The following document provides interim guidance on dealing with FMD alerts that appear in pharmacy FMD systems. It is the second version of the guidance, which contains updated FMD alert wording which will start to appear in FMD systems from Sunday 17th March 2019:
The flowchart below looks at the handling of alert messages and is intended to inform wider discussions on implementing FMD, including amending SOPs.
It links with other guidance on the assessment of suspect packs once an alert has been raised and professional guidance on ethical decision making related to FMD.
NOTE: The above chart is a working document and will be updated in light of feedback and experience. It represents current thinking on these issues at this point. Comments and feedback are encouraged.
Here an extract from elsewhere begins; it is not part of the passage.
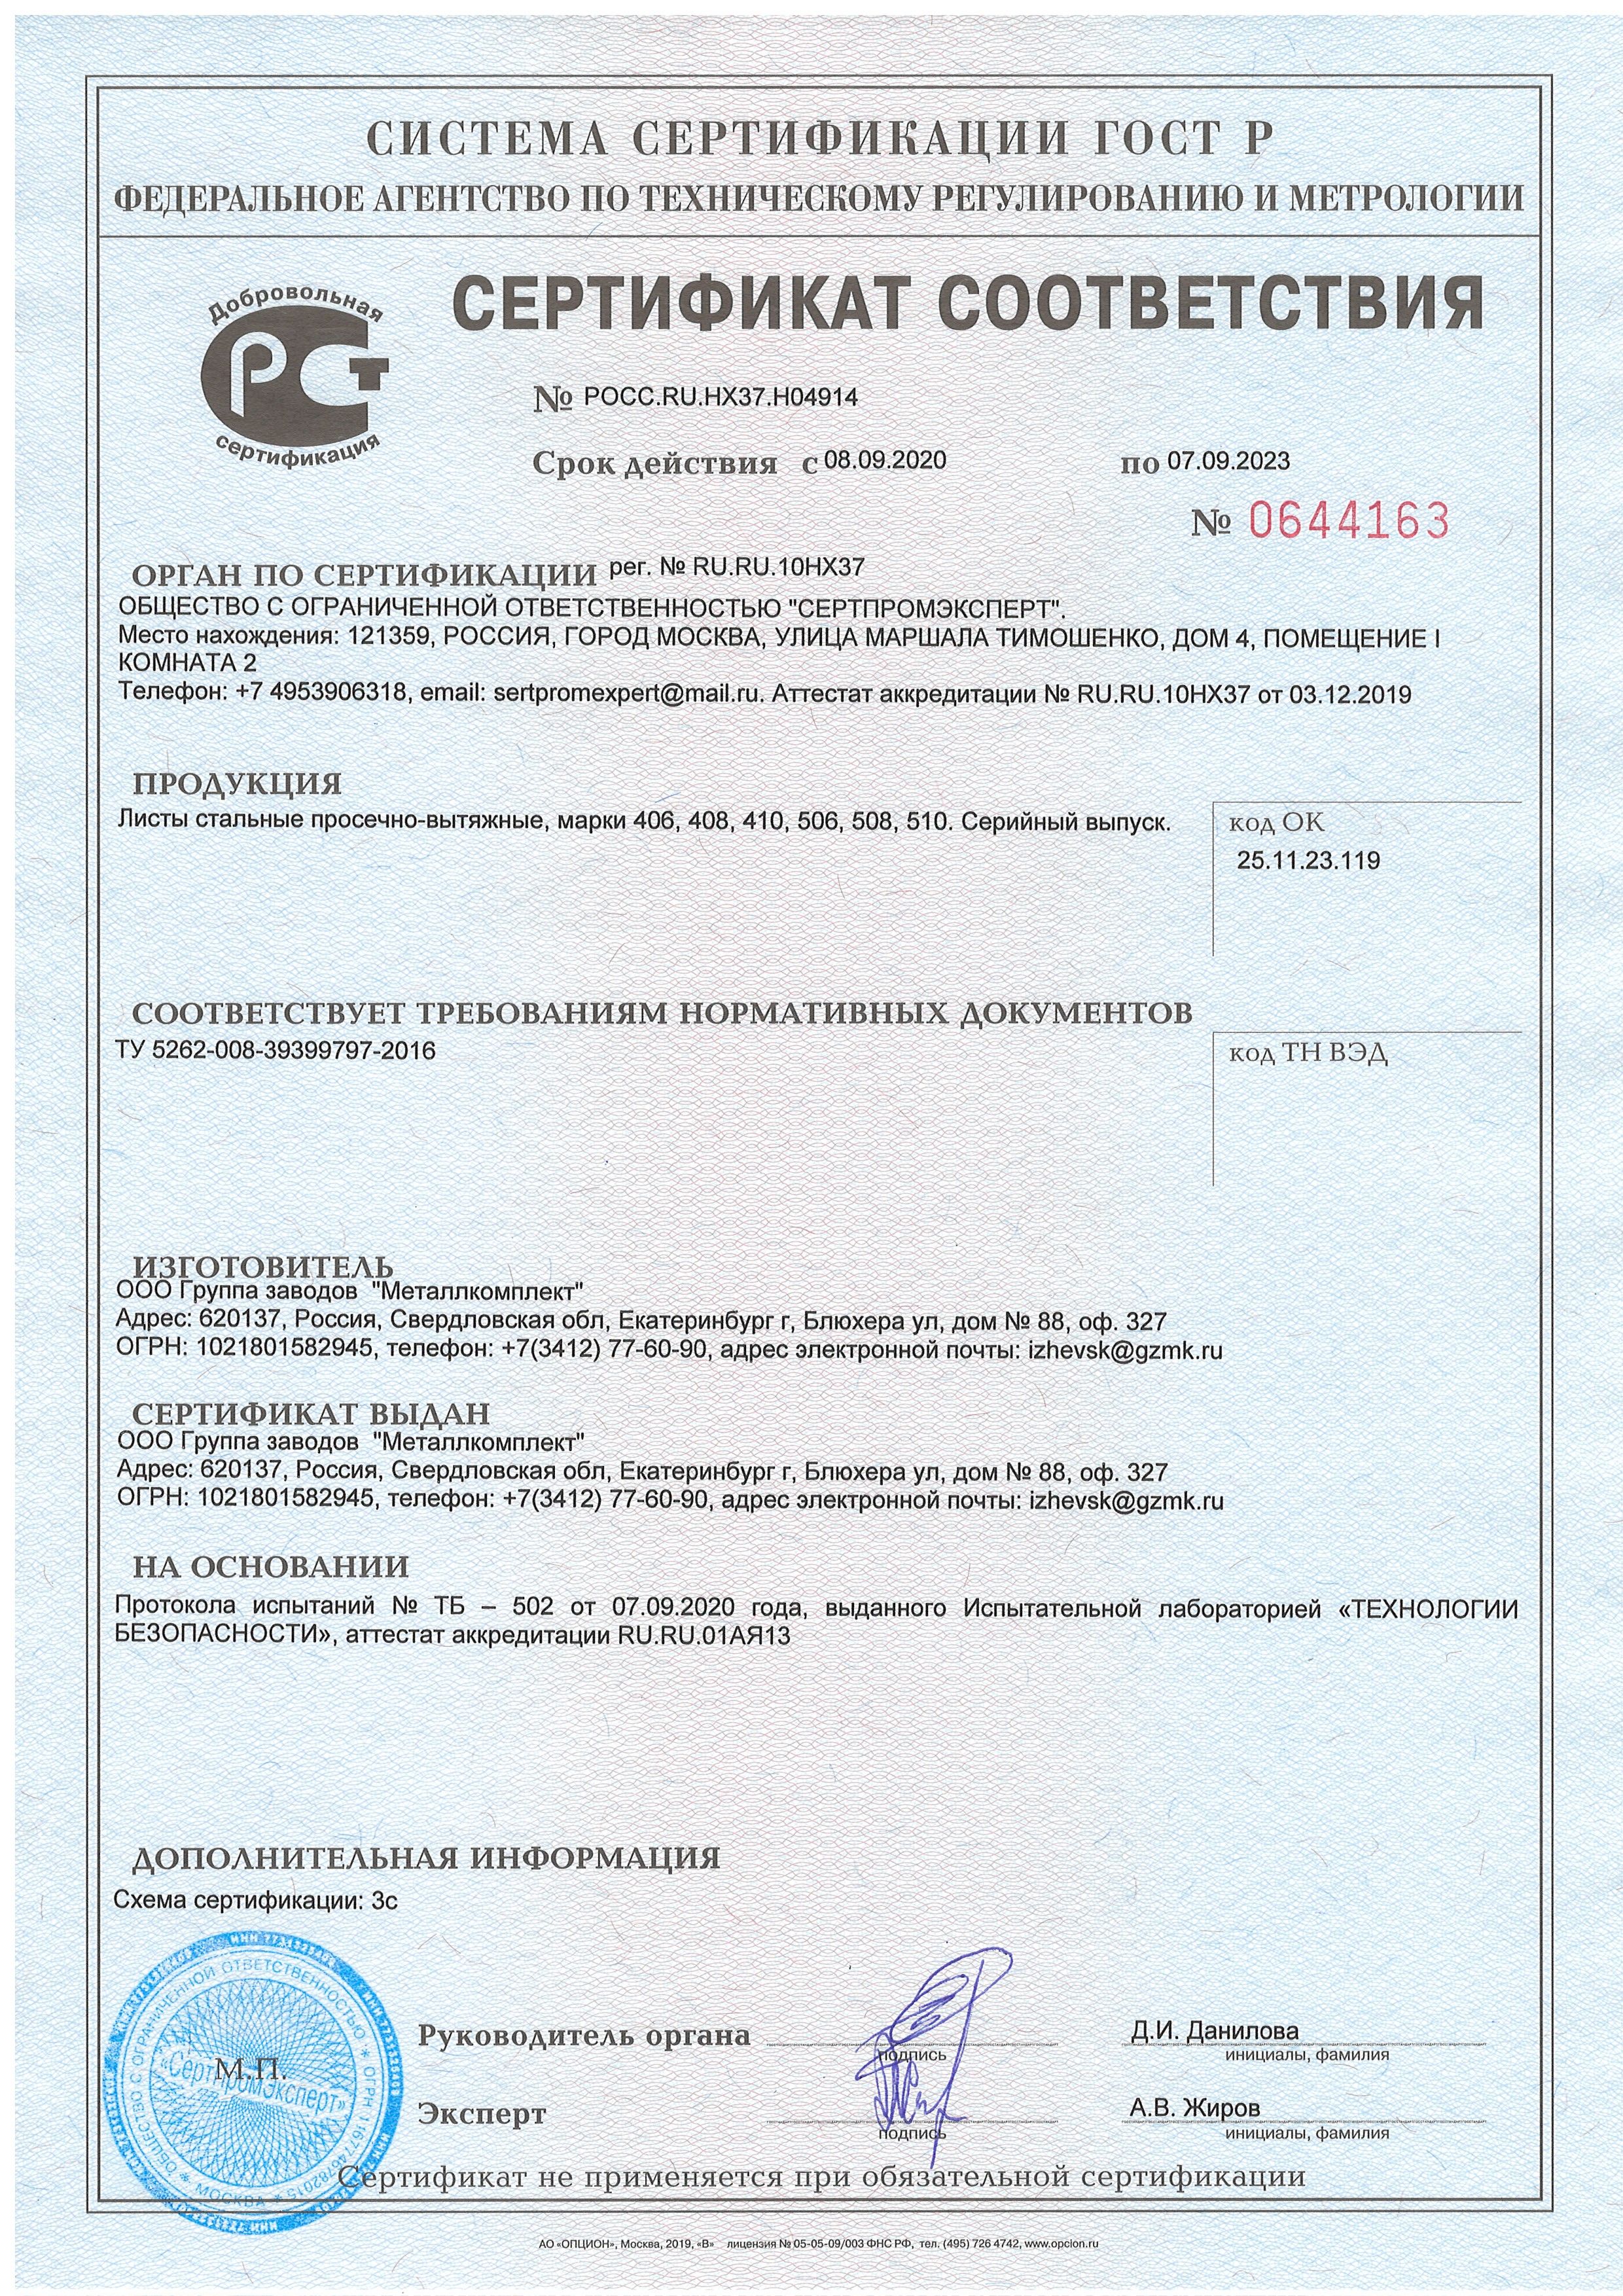 Сертификат соответствия - ПВЛ

“Right and wrong” scanning guidance
The below presentation is intended for FMD early adopters, to help train pharmacy teams to recognise the types of packs that will need scanning for verification and decommissioning, and the features they need to look out for, as well as the types of pack that will not need authentication.
Packs that do not need authentication include the vast majority of existing stock that does not carry the necessary safety features (both a 2D data matrix barcode and an anti-tampering device) – this stock can continue to be dispensed as normal. Products that are out-of-scope for FMD are also highlighted in the presentation; these include non-prescription medicines, medical devices and specialist food supplements.
The guidance will be updated with new examples of the “right” and “wrong” types as the early adopter programme is extended.